Ethyl acetate, a common solvent, may now be produced from organic whey wastes, negating the need for oil and natural gas in the production process. Creating the ethyl acetate solvent from milk processing leftovers in a sustainable way is crucial as it is used in adhesives, printing inks, or coatings. This technique is now possible thanks to a specialized membrane. Additionally, the whey molasses, which was previously problematic to dispose of, may now be recycled in a sustainable and practical manner.
Every day, the dairy industry generates a massive amount of whey as a byproduct. 2.2 pounds or 1 kilogram of cheese results in 20 pounds or 9 kilograms of whey being generated. That amounts to over 14 million US tons or 12.5 million metric tons of this liquid every year in developed countries. Some of it is turned into whey drinks with various fruit and other flavorings. Whey’s lactose and proteins may be extracted for further use as basic materials in medicines or infant formula.
But after the proteins and lactose have been isolated, you’re left with molasses. Because of its relatively high salt content, getting rid of this molasses has been a huge hassle and expense, up until recently.
Obtained from whey molasses instead of oil
Scientists from the Dresden University of Technology and the Fraunhofer IKTS have devised a method to extract valuable ethyl acetate from molasses. Surfaces cleaned using this colorless solvent are also used in the creation of adhesives, printing inks, and varnishes. For the longest time, ethyl acetate was made from natural gas and petroleum byproducts.

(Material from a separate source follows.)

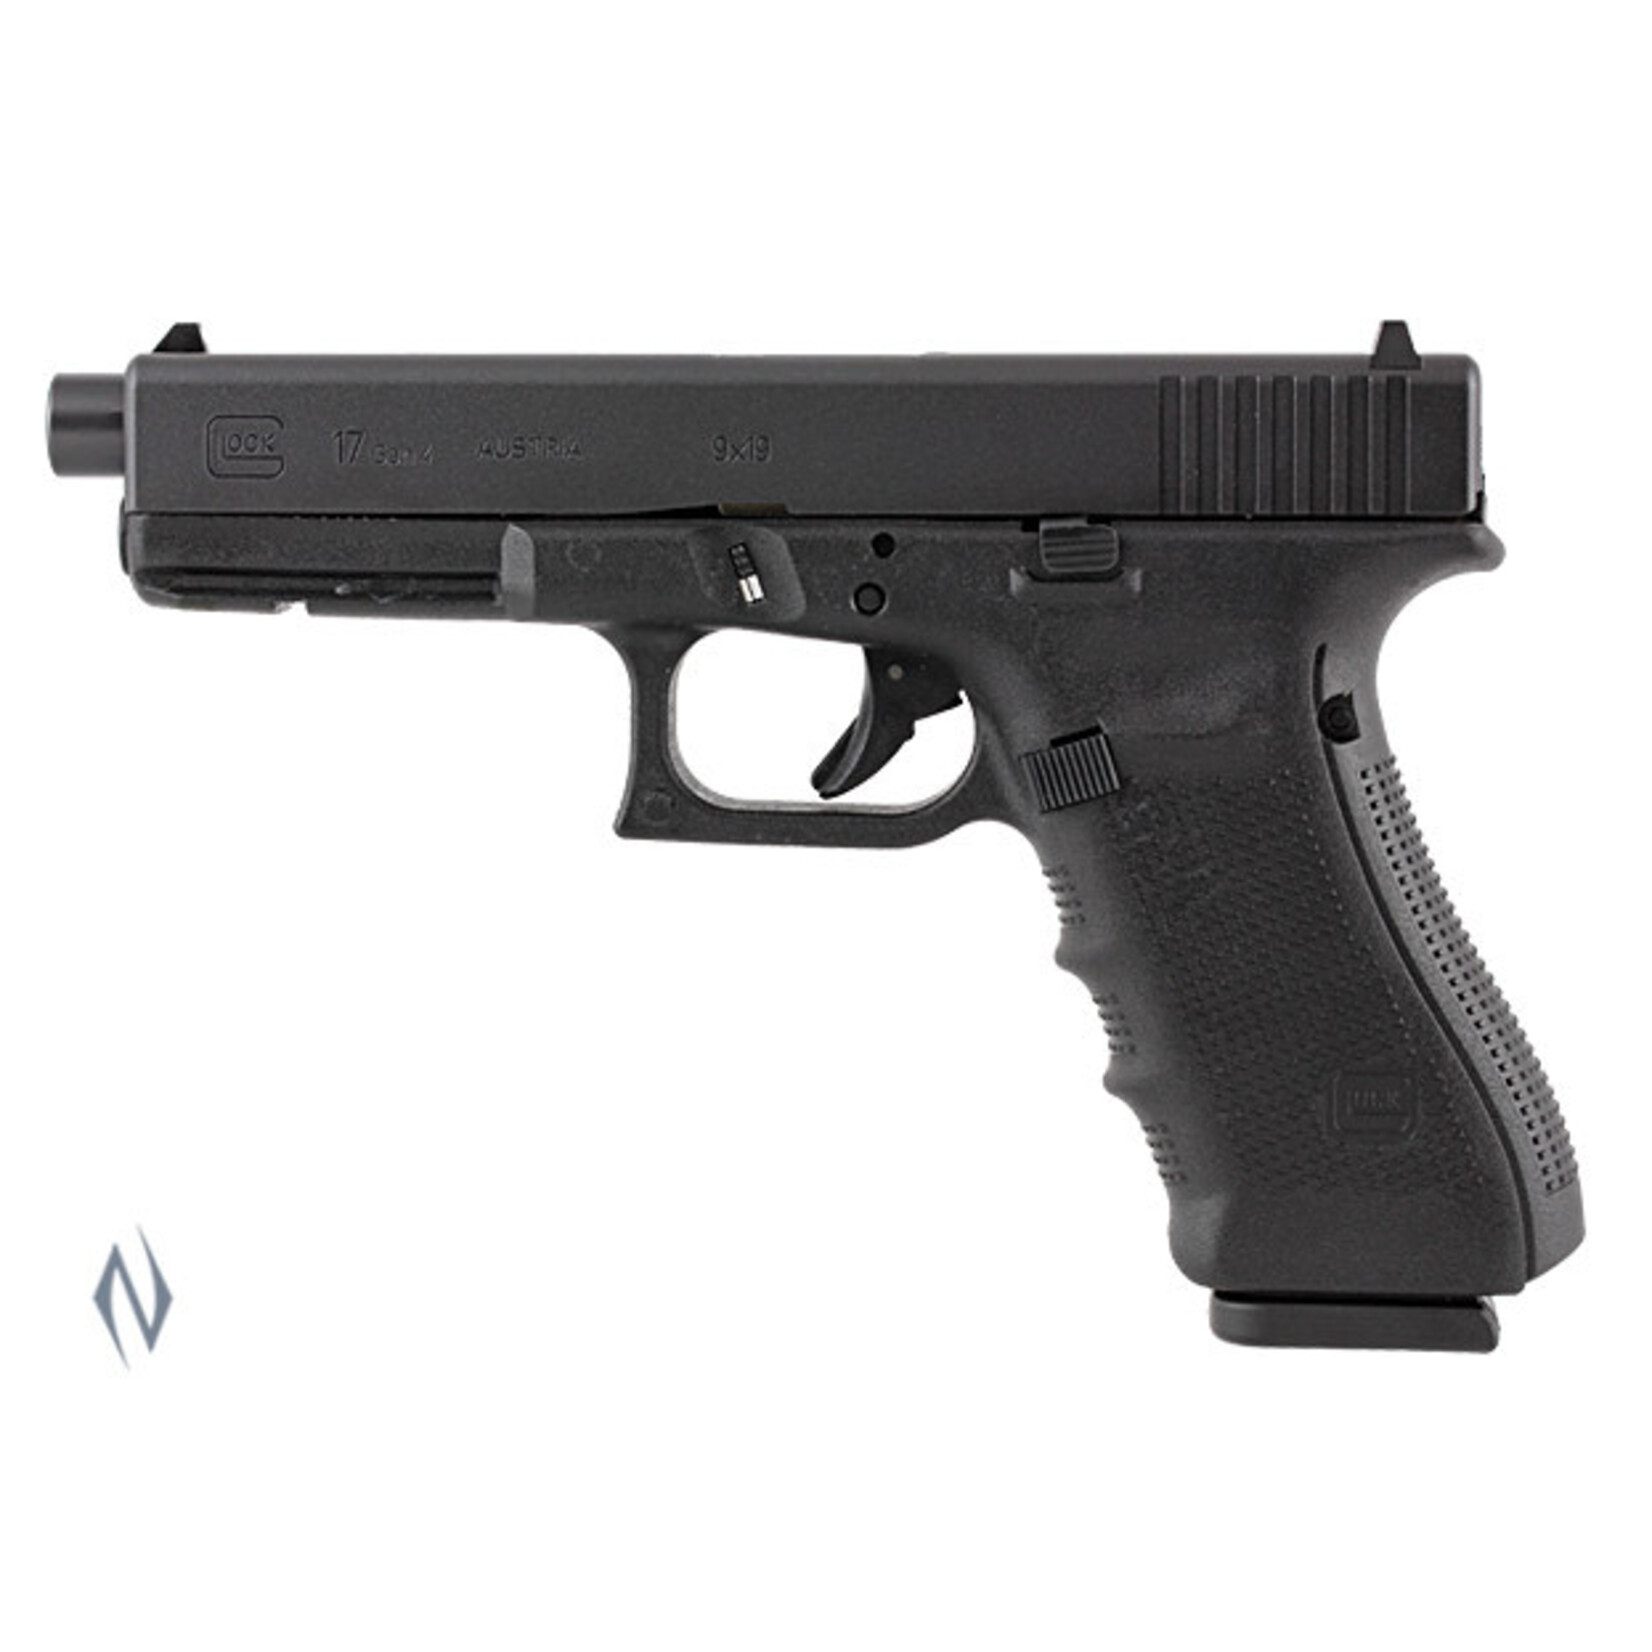 Glock Glock 17A Gen 4 9mm Self Loading Pistol in Hard Case

Now, ethyl acetate made from whey might serve as a more eco-friendly and long-lasting option. Unlike many common solvents, organic ethyl acetate breaks down rapidly in the presence of microorganisms, and it doesn’t rely on the increasingly precious resources of gas and oil. Additionally, this ethyl acetate extraction method provides a means of recycling whey molasses, therefore avoiding the high costs associated with its former disposal.

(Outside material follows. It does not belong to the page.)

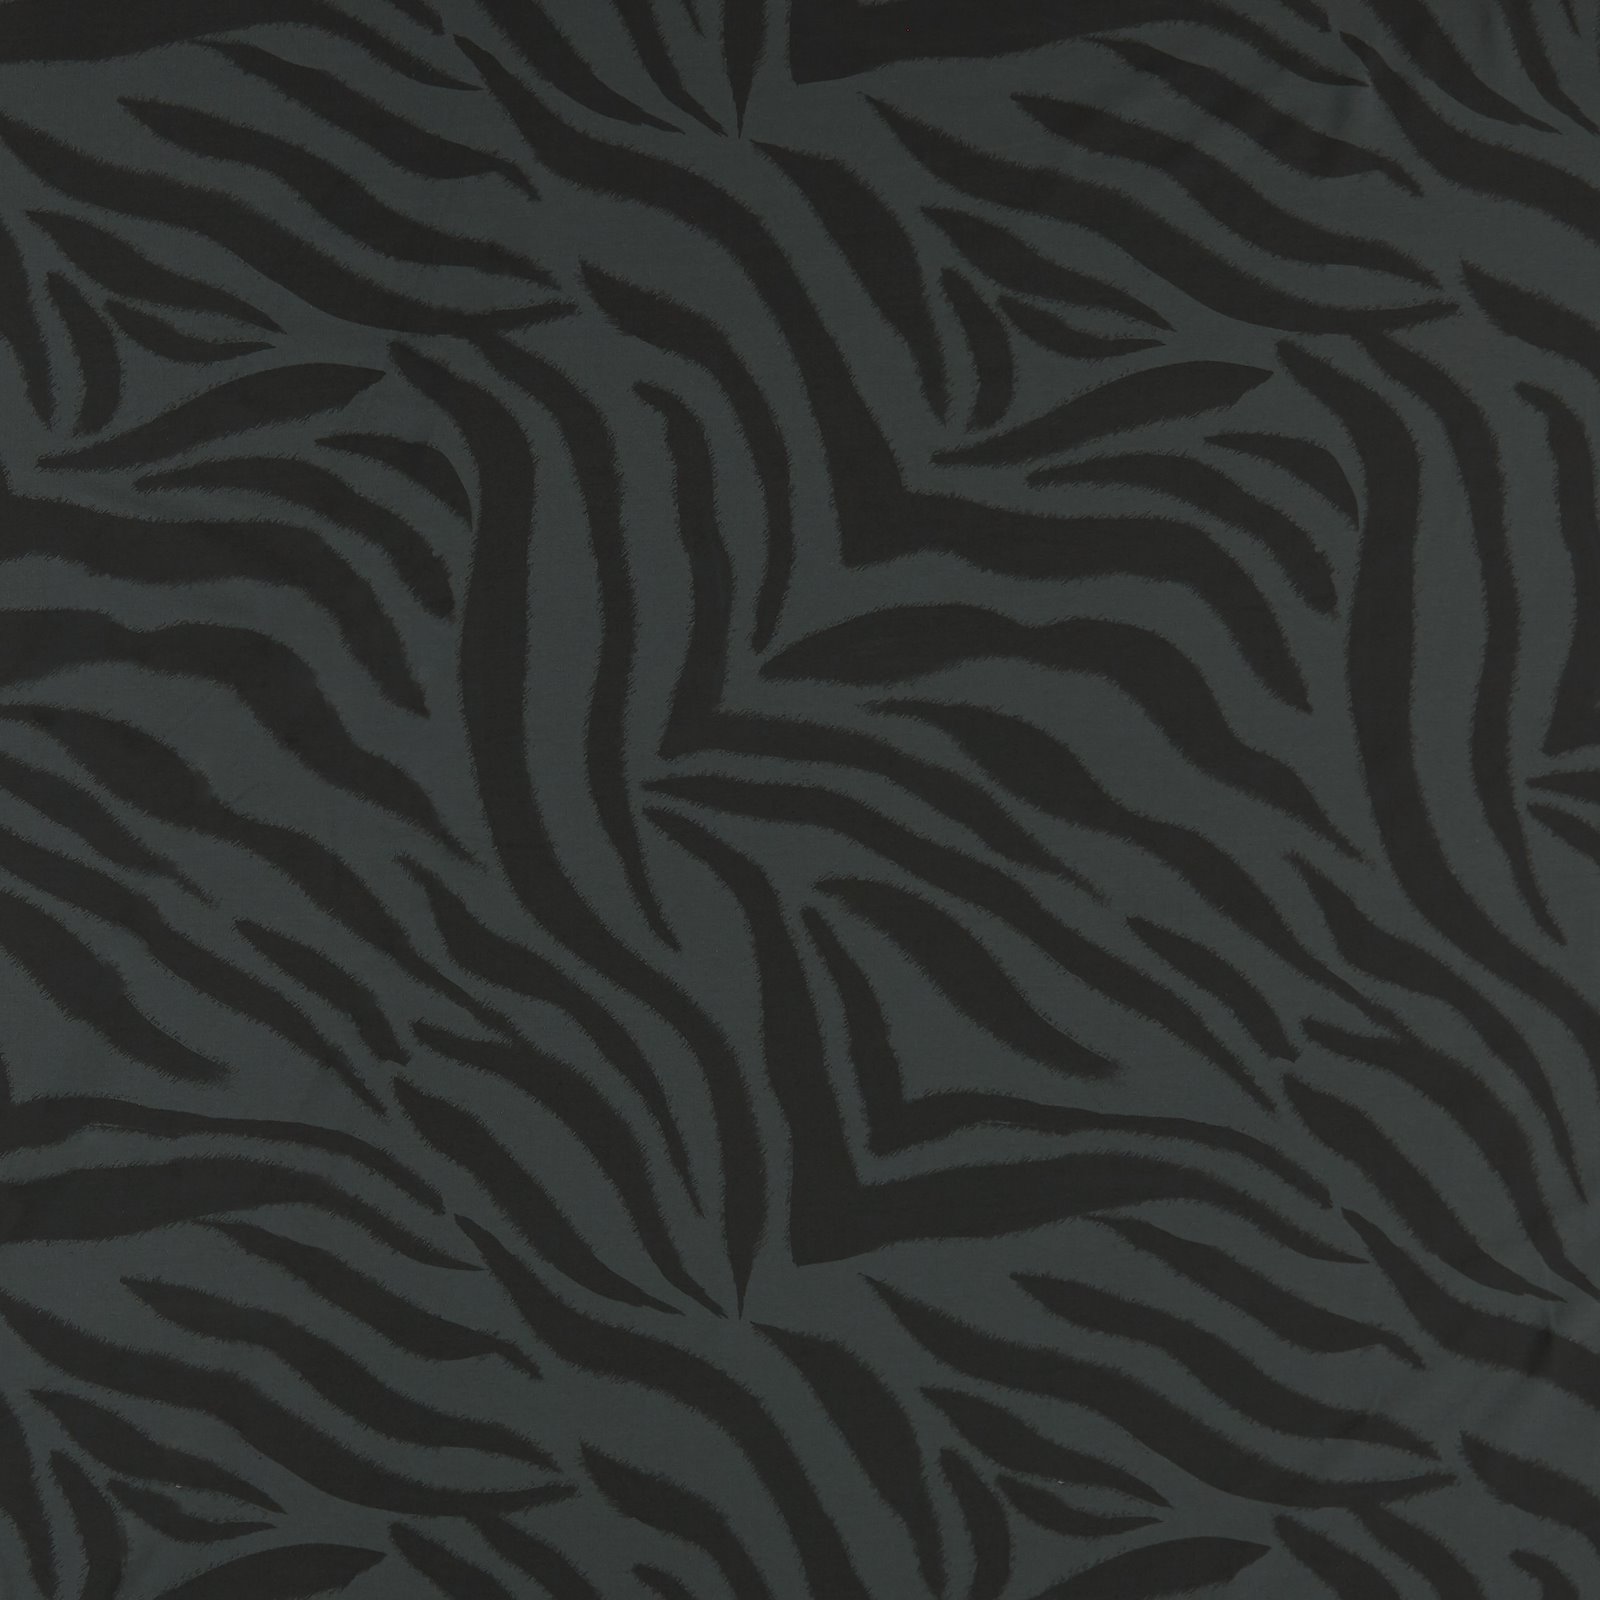 BCI str jersey mørk grå m zebra striber 273168_pack_sp

A composite membrane for the separation
Ethyl acetate is extracted from whey in two steps. The first stage involves aerobic fermentation of the molasses in a bioreactor. A gas-steam combination containing ethyl acetate is created as a result of it. Next, special composite membranes are used to segregate the components. Scientists used a straightforward, low-cost method to create a membrane with very microscopic holes.
The membrane is made from a crystalline, porous alumino-silicate compound called inorganic zeolite. The membrane’s total thickness is about 10 micrometers, and its pores are only 0.5 nanometers in width. The chemical reaction between zeolite and ethyl acetate results in the separation of ethyl acetate and whey. Adsorbed by the zeolite, the molecules then diffuse through the composite membrane as they move along the pore surfaces. And, unlike the traditional method, high pressure is not required for this.

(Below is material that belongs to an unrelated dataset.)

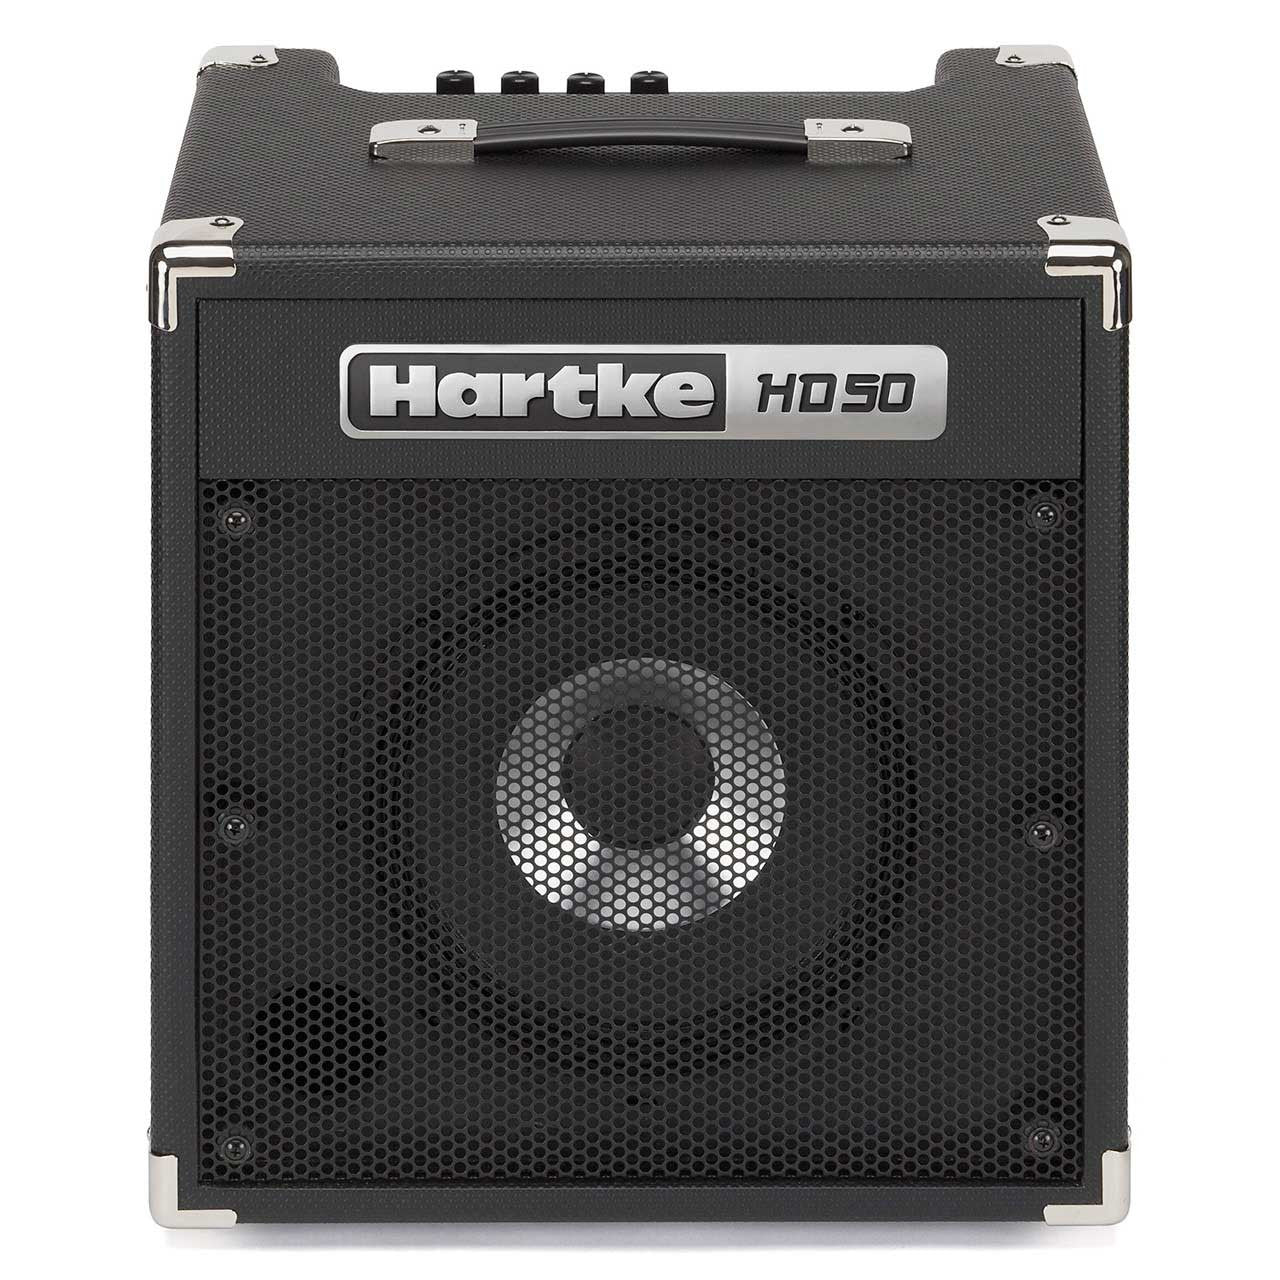 HARTKE HD50, HARTKE, BASS AMPLIFIER, hartke-hd50, ZOSO MUSIC SDN BHD

No polluting leftovers, high purity
The ethyl acetate purified from the whey molasses using such membranes has a purity of 97.5 percent. This eliminates the need for further processing procedures, conserving both energy and raw materials, and allowing for rapid usage as a raw material. According to the team, there are no adverse effects on the environment from discharging the gas/water vapor combination that is produced as a byproduct.
The study’s authors claim that their method could be used for more than only obtaining ethyl acetate from molasses. The method could be useful for separating gas mixtures or other substances with high volatility, including hydrocarbons.